BRIEF
An exact reprint of every record below is required, with the pictures left out.

DATA SUPPLIED
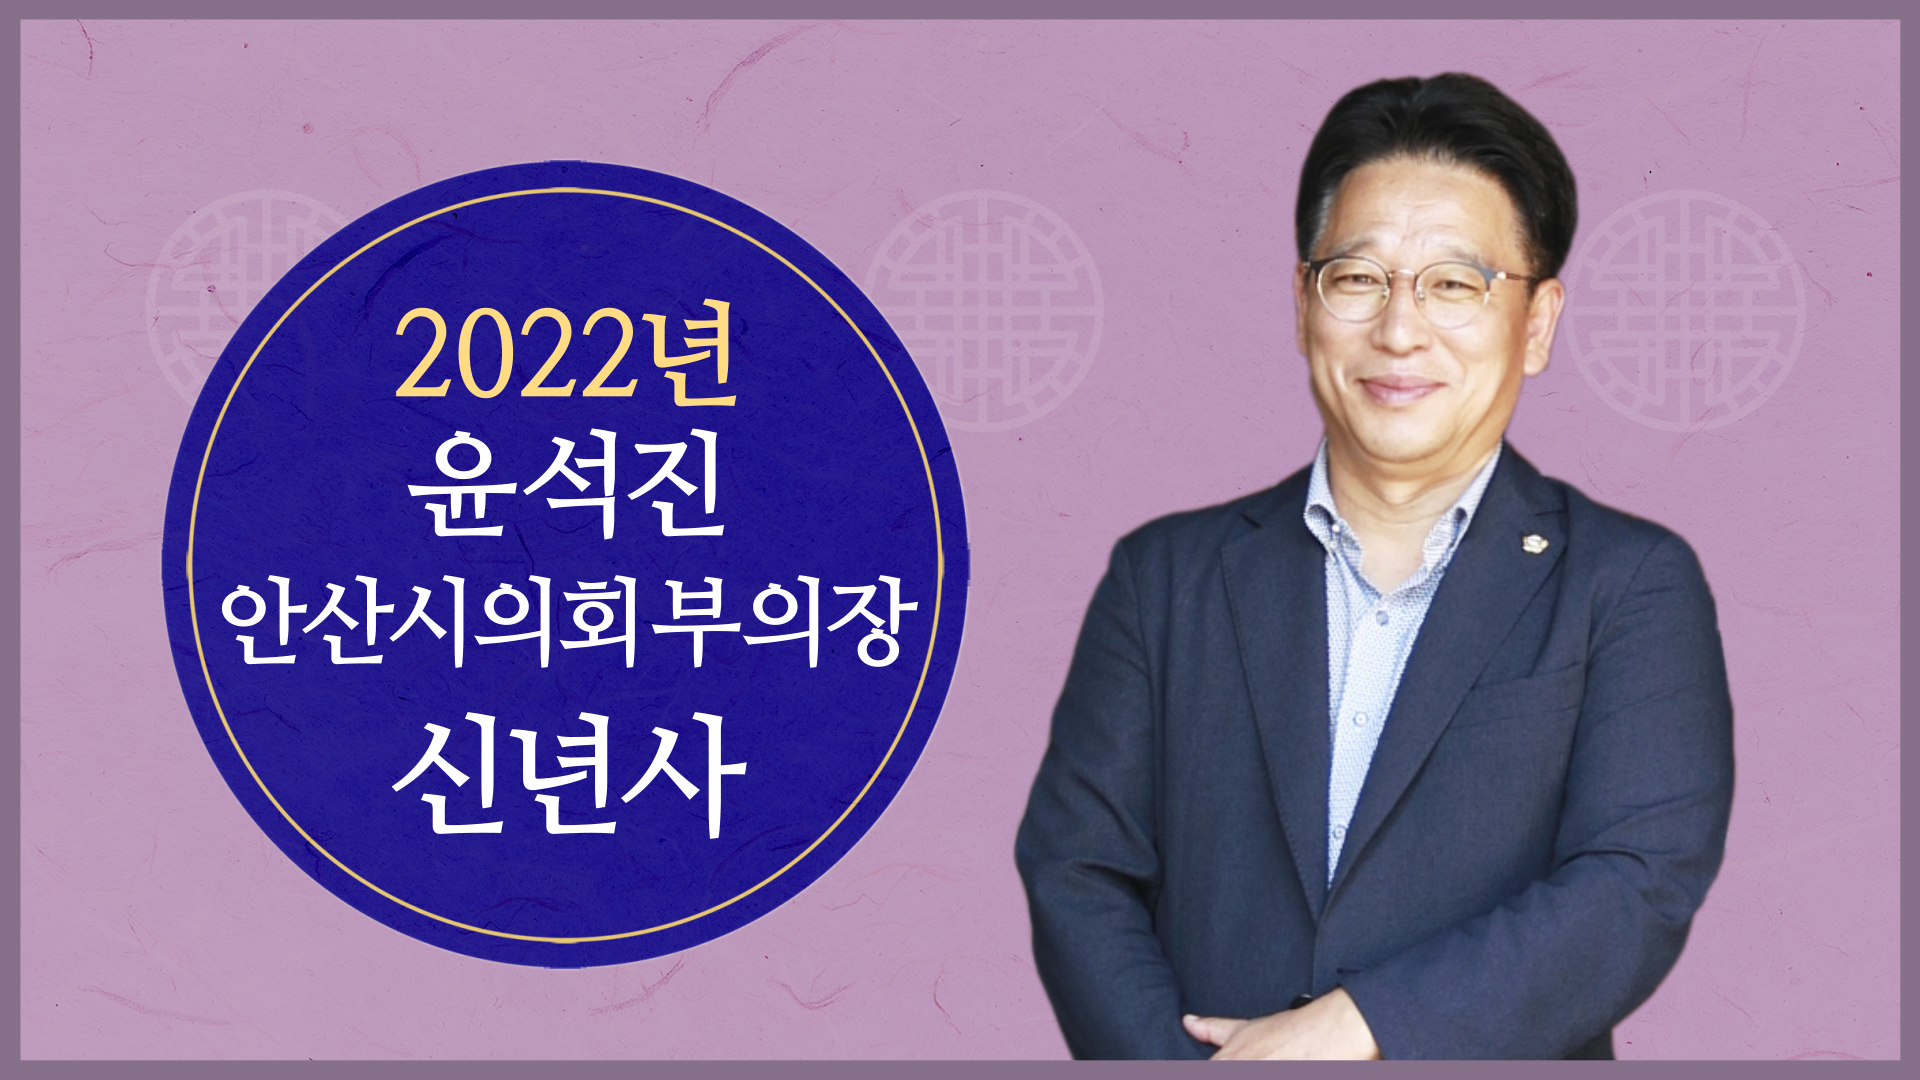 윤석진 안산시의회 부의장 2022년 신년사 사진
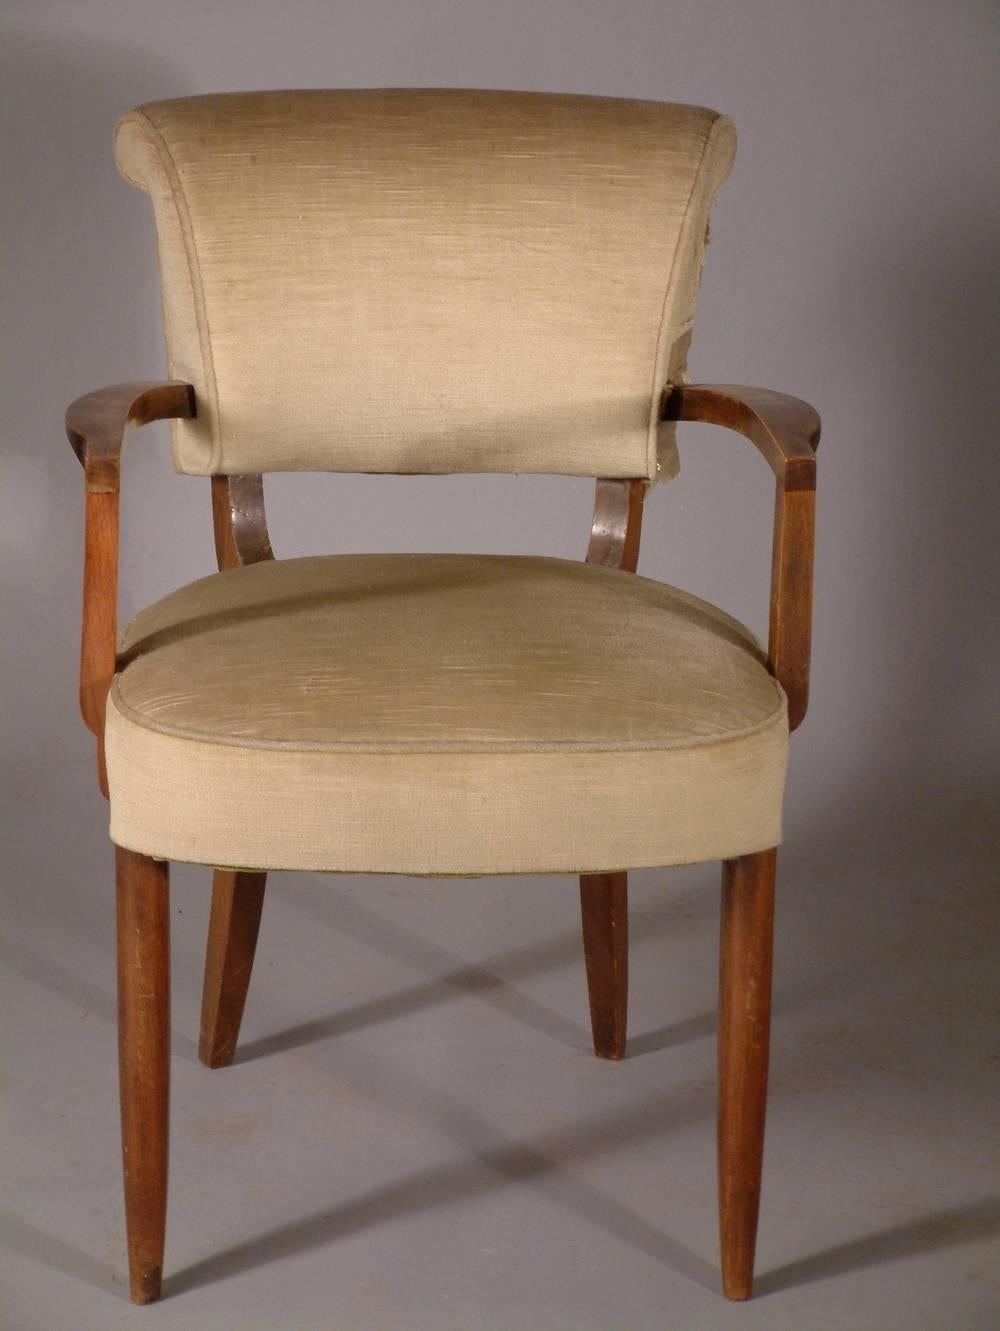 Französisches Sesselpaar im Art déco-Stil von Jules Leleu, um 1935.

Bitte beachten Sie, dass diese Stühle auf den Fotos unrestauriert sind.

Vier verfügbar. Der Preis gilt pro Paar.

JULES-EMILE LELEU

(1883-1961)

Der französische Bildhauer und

TASK RESPONSE
 윤석진 안산시의회 부의장 2022년 신년사 사진
 Französisches Sesselpaar im Art déco-Stil von Jules Leleu, um 1935.

Bitte beachten Sie, dass diese Stühle auf den Fotos unrestauriert sind.

Vier verfügbar. Der Preis gilt pro Paar.

JULES-EMILE LELEU

(1883-1961)

Der französische Bildhauer und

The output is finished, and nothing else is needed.